Proving {x^2} & {-n} do not converge.

[Elzair]

Homework Statement

Prove the sequences \left\{ n^{2} \right} _{n \in N} and \left{ -n \right}_{n \in N} do not converge.

Homework Equations

lim n^2 = a
lim -n = b

The Attempt at a Solution

If n^2 converges, then for all epsilon > 0, there is an N s.t. |n^2 - a| < epsilon for all n > N.
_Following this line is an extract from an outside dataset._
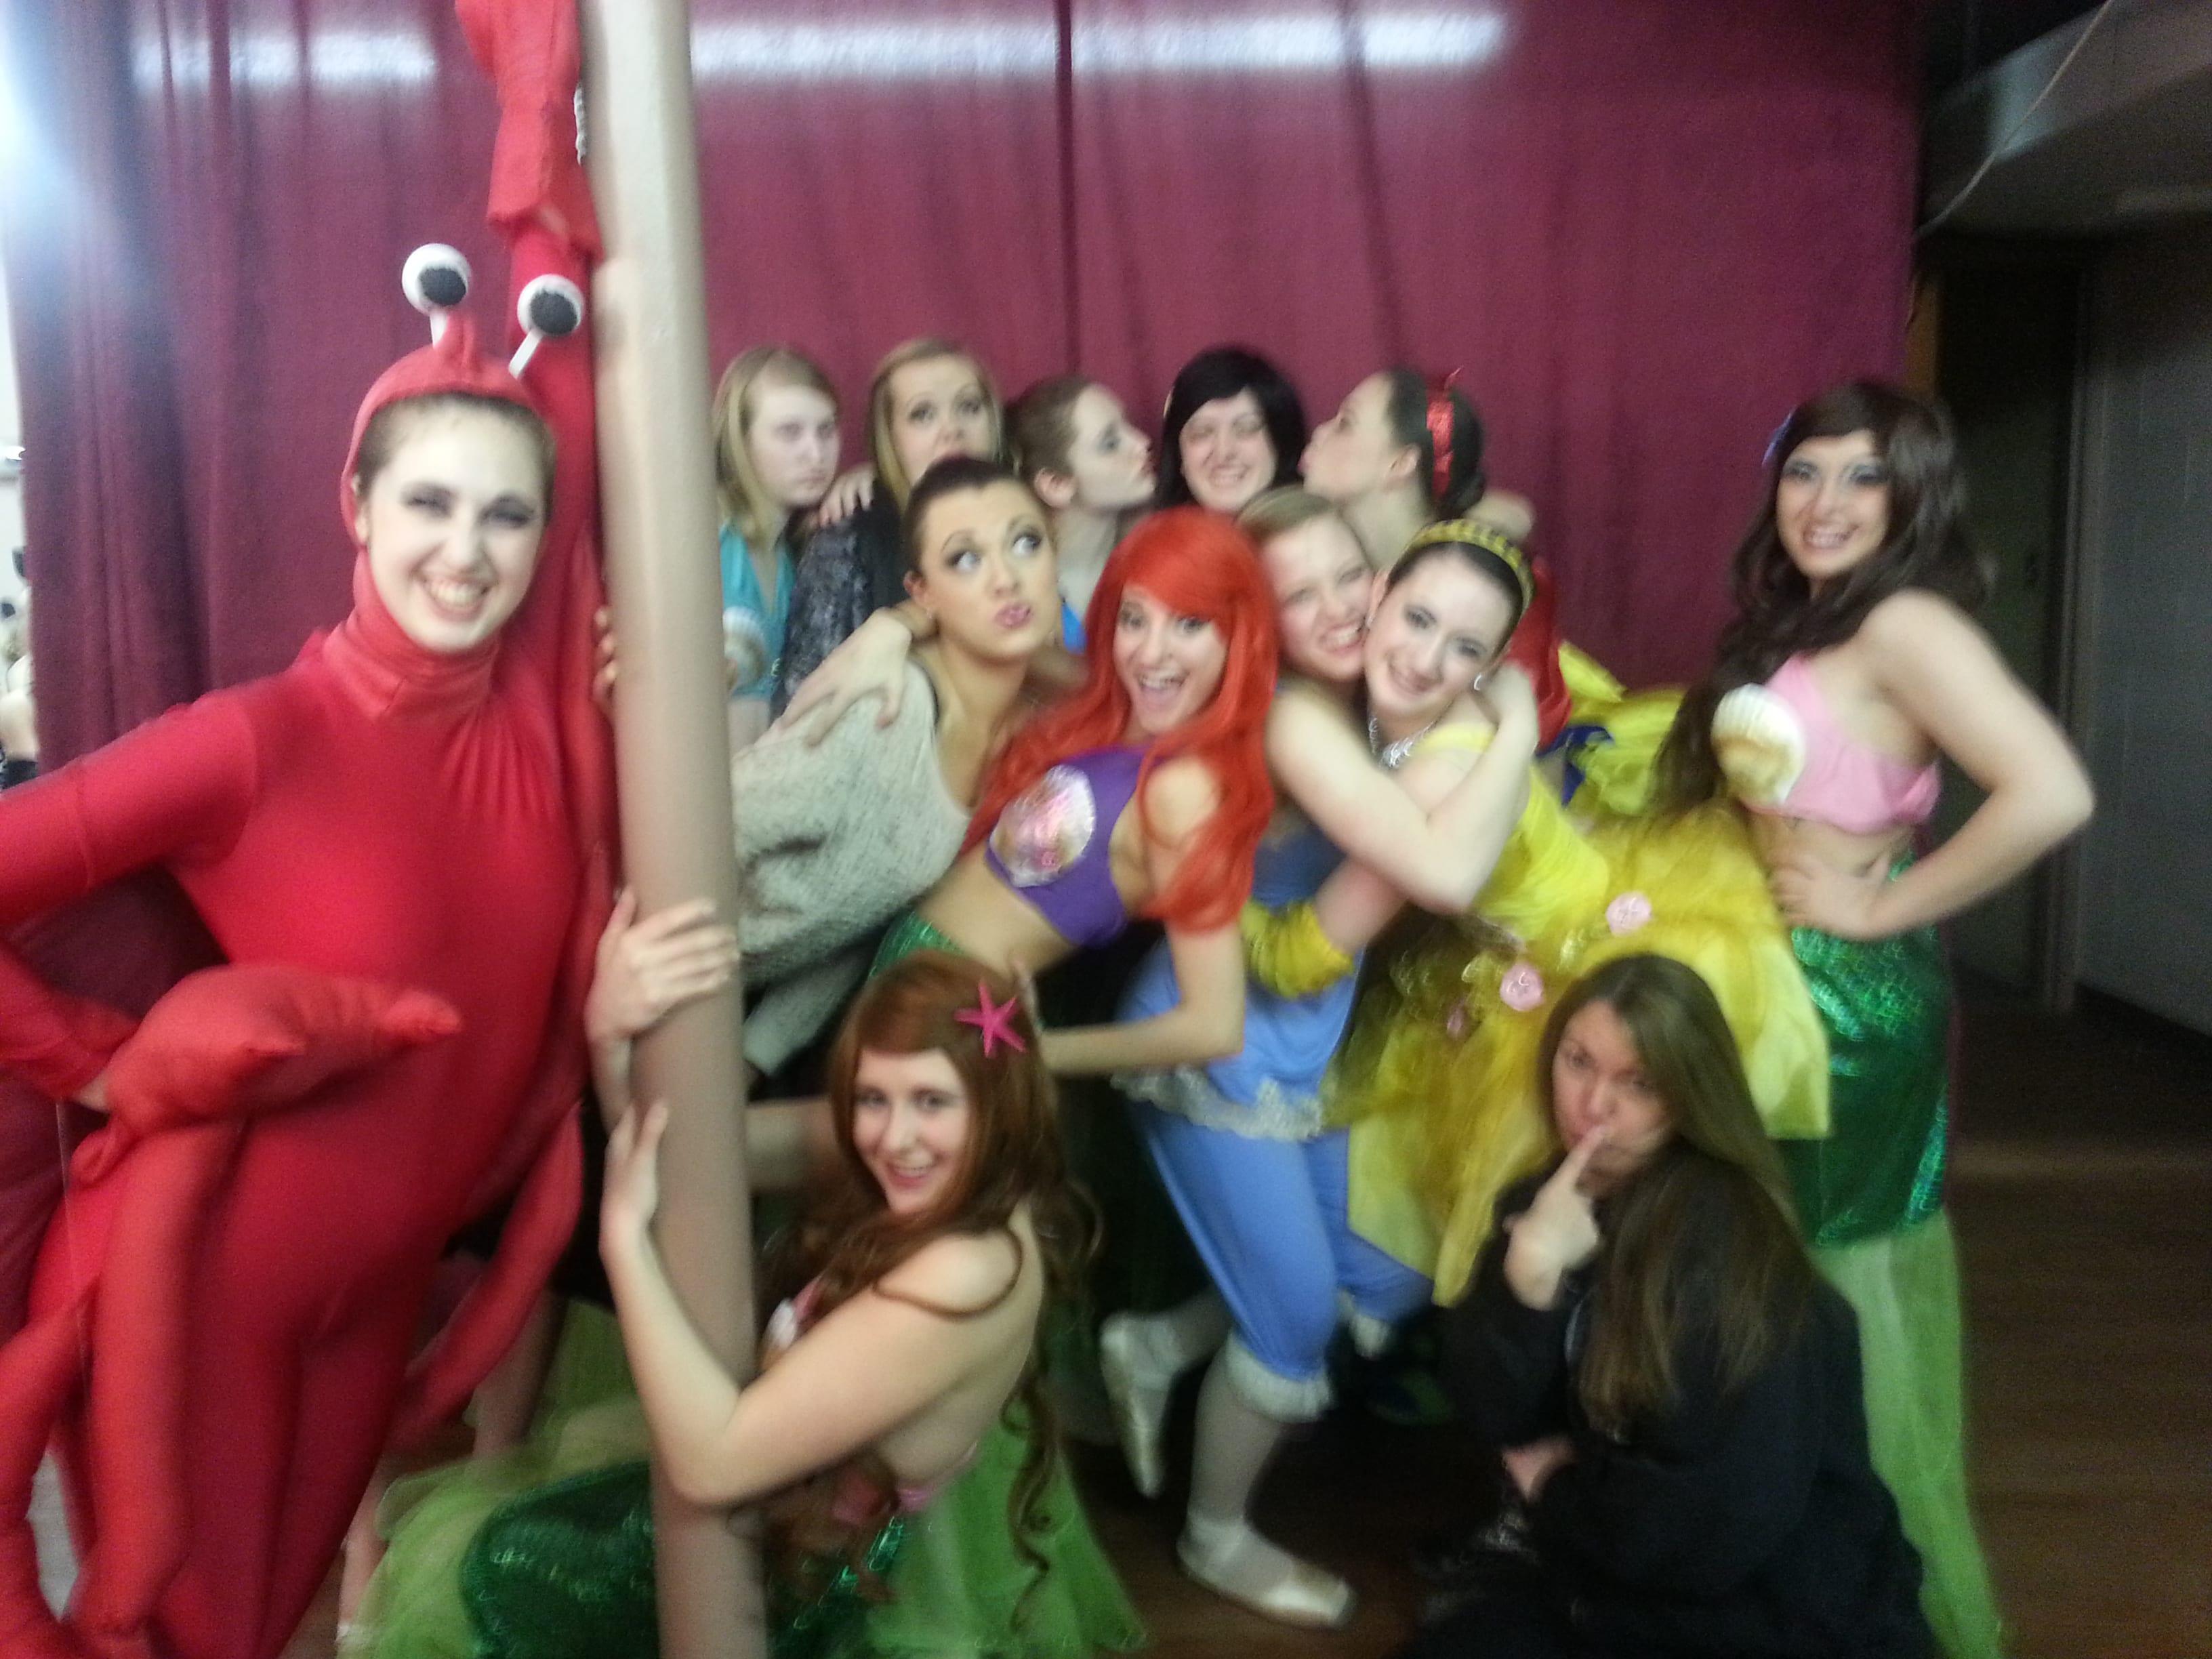 20130317_135458(0) – Beth Fowler School of Dance : Genoa and St. Charles Illinois
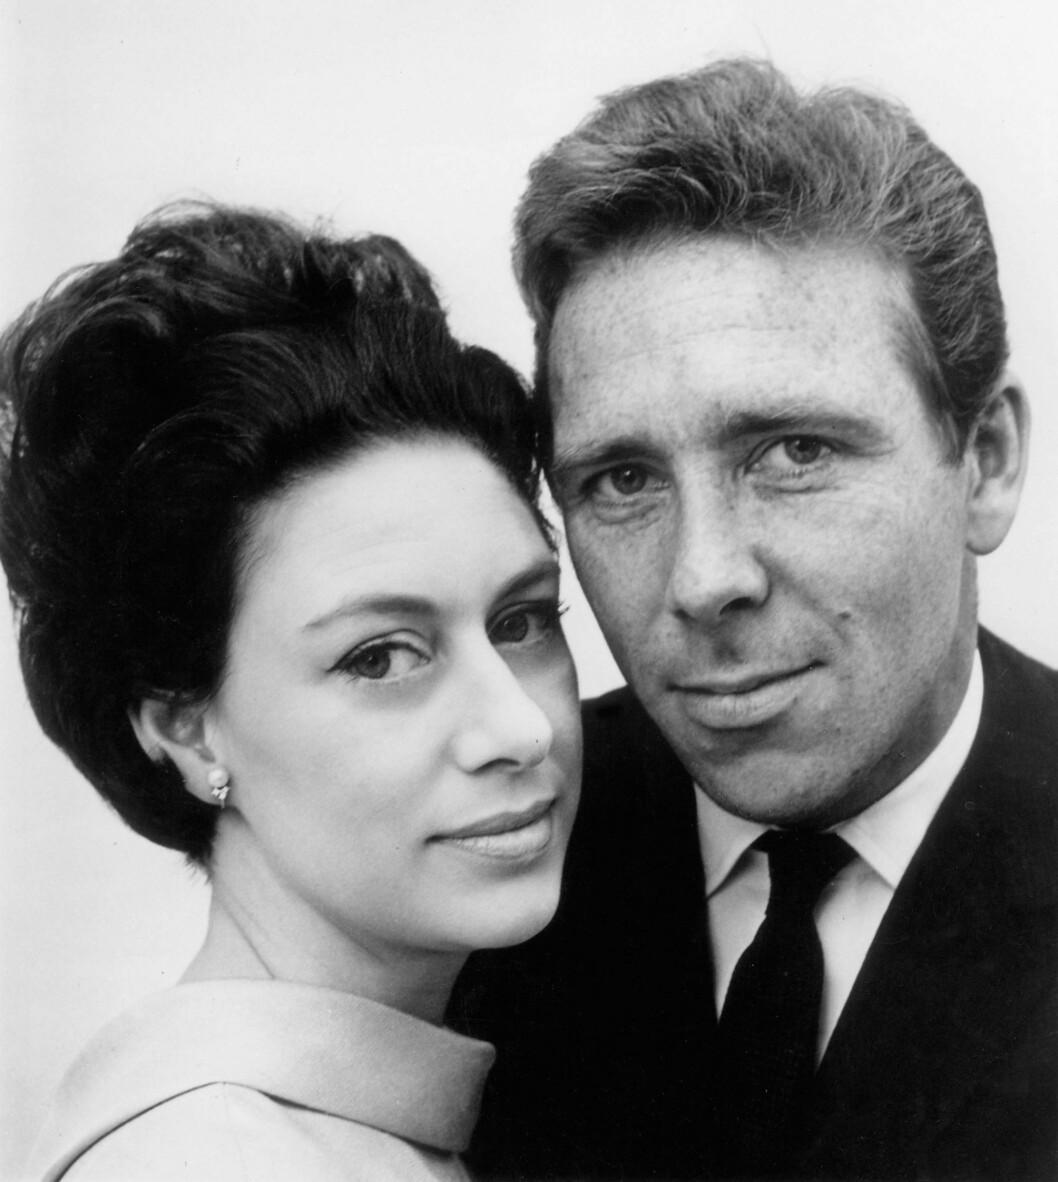 <strong>PENT PAR:</strong> Prinsesse Margaret møtte fotografen Antony Armstrong-Jones under en middag i 1958 - året etter tok han bilder av henne i forbindelse med 29-årsdagen. Foto: NTB Scanpix

If -n converges, then for all epsilon > 0, there is an N s.t. |-n - b| < epsilon for all n > N.

I assume I could use the triangle inequality possibly.

 

[jgens]

Why not just pick some concrete value for \varepsilon (say, 1) and derive a contradiction?

 

[hunt_mat]

If a sequence diverges then there is an M>0 thuch that when n&gt;N then |a_{n}|\geqslant M. Can you do this for the sequences you have?

 

[HallsofIvy]

If a sequence diverges then there is an M>0 thuch that when n&gt;N then |a_{n}|\geqslant M. Can you do this for the sequences you have?

Be carful. In general a sequence "diverges" as long as it does not converge. That is very different from "diverges to infinity" or "diverges to negative infinity". The sequence 1, 2, 1, 2, 1, 2, ..., diverges but does NOT satify the condition you give.

 

[hunt_mat]

But in the context here the definition of diverges to infinity is the correct one to use.